Tax Law § 1848 (a) authorizes the temporary seizure of motor fuel being imported for use, distribution, storage or sale in this State, together with the vehicle or other means of transportation used to transport such fuel when it is discovered that "the person importing or causing such motor fuel to be imported” is not registered as a distributor under Tax Law § 283. Confirmation of this seizure must be sought within five business days, and will be granted upon a determination that there is a "substantial probability that the department of taxation and finance will prevail on the issue of forfeiture” (Tax Law § 1848 [c]). Initially, we note that the provision at issue requires that the distributor be licensed in New York, so the fact that Elberth is not a registered transporter of motor fuel is irrelevant to our determination.
The evidence submitted in support of the confirmation motion clearly established that "the person importing or causing such fuel to be imported” was not registered as a distributor in this State. The regulations of the New York State Department of Taxation and Finance provide, in relevant part, that "[a] person imports or causes motor fuel to be imported into this State: (i) if such person has ownership of motor fuel at the time the fuel enters New York State’s jurisdiction or at any time thereafter up to and including the offloading of such fuel” (20 NYCRR 410.2 [c] [1]). Under this definition the uncontroverted evidence establishes that Met Oil, who purchased the fuel while it was still in New Jersey and retained ownership when the fuel entered New York State’s jurisdiction, is a person who imported or caused the motor fuel in question to be imported into this State. Since Met Oil concededly is not registered as a distributor under Tax Law § 283, the plaintiff met its burden of establishing a substantial probability that it would prevail on the issue of *615forfeiture, and thus the temporary seizure should have been confirmed.
This conclusion is further supported by the manifest examined by Investigator Campbell when he boarded the barge.

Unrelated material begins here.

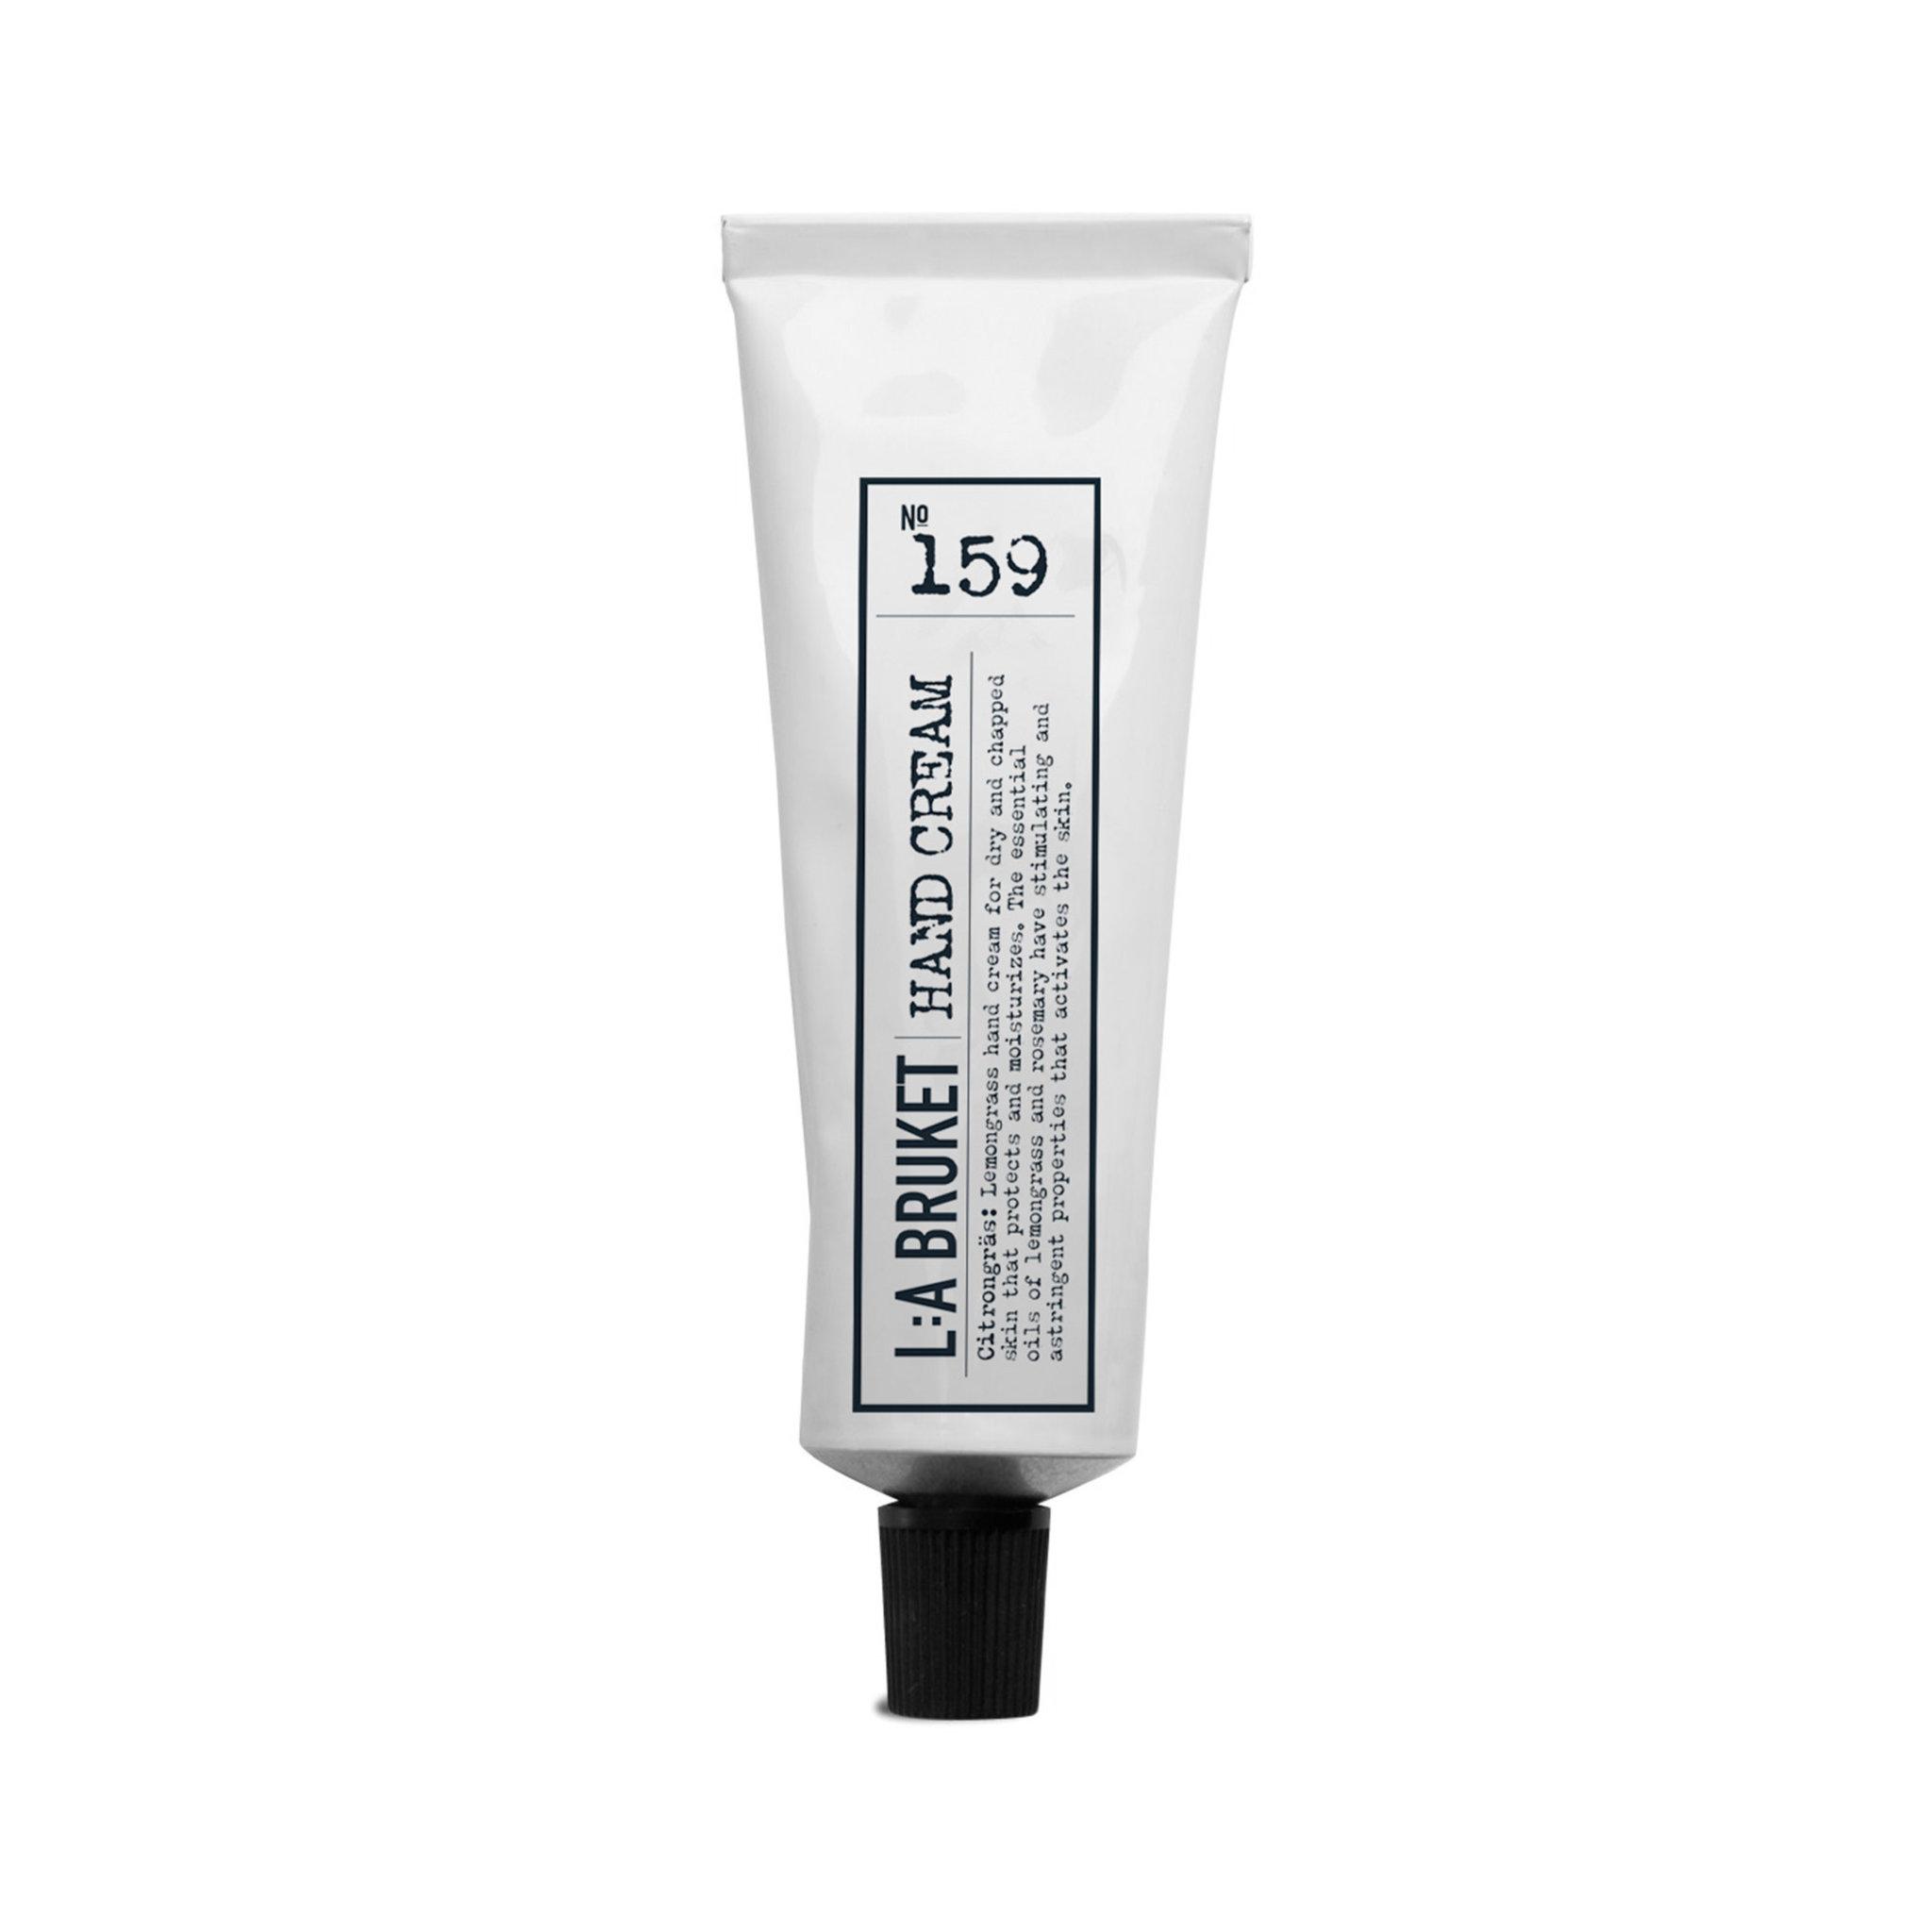 L:A Bruket Hand Cream Citrongräs 159

Pursuant to Tax Law § 286-b, any vessel in which motor fuel is being transported must have a manifest indicating (1) the name and address of the person from whom such automotive fuel was received, (2) the place of receipt of such fuel, (3) the name and address of every person to whom he is to make delivery, (4) the place of delivery, and (5) the number of gallons to be delivered to each person. Additionally, if the fuel is being imported into this State for use, storage, distribution or sale in this State, the manifest must also contain the name of the distributor importing or causing such fuel to be imported into the State. The absence of such a manifest gives rise to a presumption that the motor fuel is being imported into this State by other than a registered distributor (Tax Law § 286-b). Moreover, the absence of the place of delivery on the manifest gives rise to the presumption that the fuel is being imported into the State for use, distribution, storage or sale in the State, and the absence of the name of a registered distributor on the manifest gives rise to a presumption that the fuel is being so imported or caused to be imported by other than a registered distributor (Tax Law § 286-b). As the manifest provided by the captain of the barge here did not indicate the place of delivery, we are entitled to presume that the fuel was being imported into the State for use, distribution, storage or sale in the State. Furthermore, although the manifest indicated that Astro was the distributor/importer of the motor fuel, Investigator Campbell had information available to him from which he could conclude that this information was erroneous, and that in fact the manifest did not contain the name of a registered distributor.
Based upon the foregoing, we conclude that the plaintiff has established a "substantial probability” that it will prevail on the forfeiture issue. Thus, the temporary seizure is confirmed. Brown, J. P., Kunzeman, Fiber and Kooper, JJ., concur.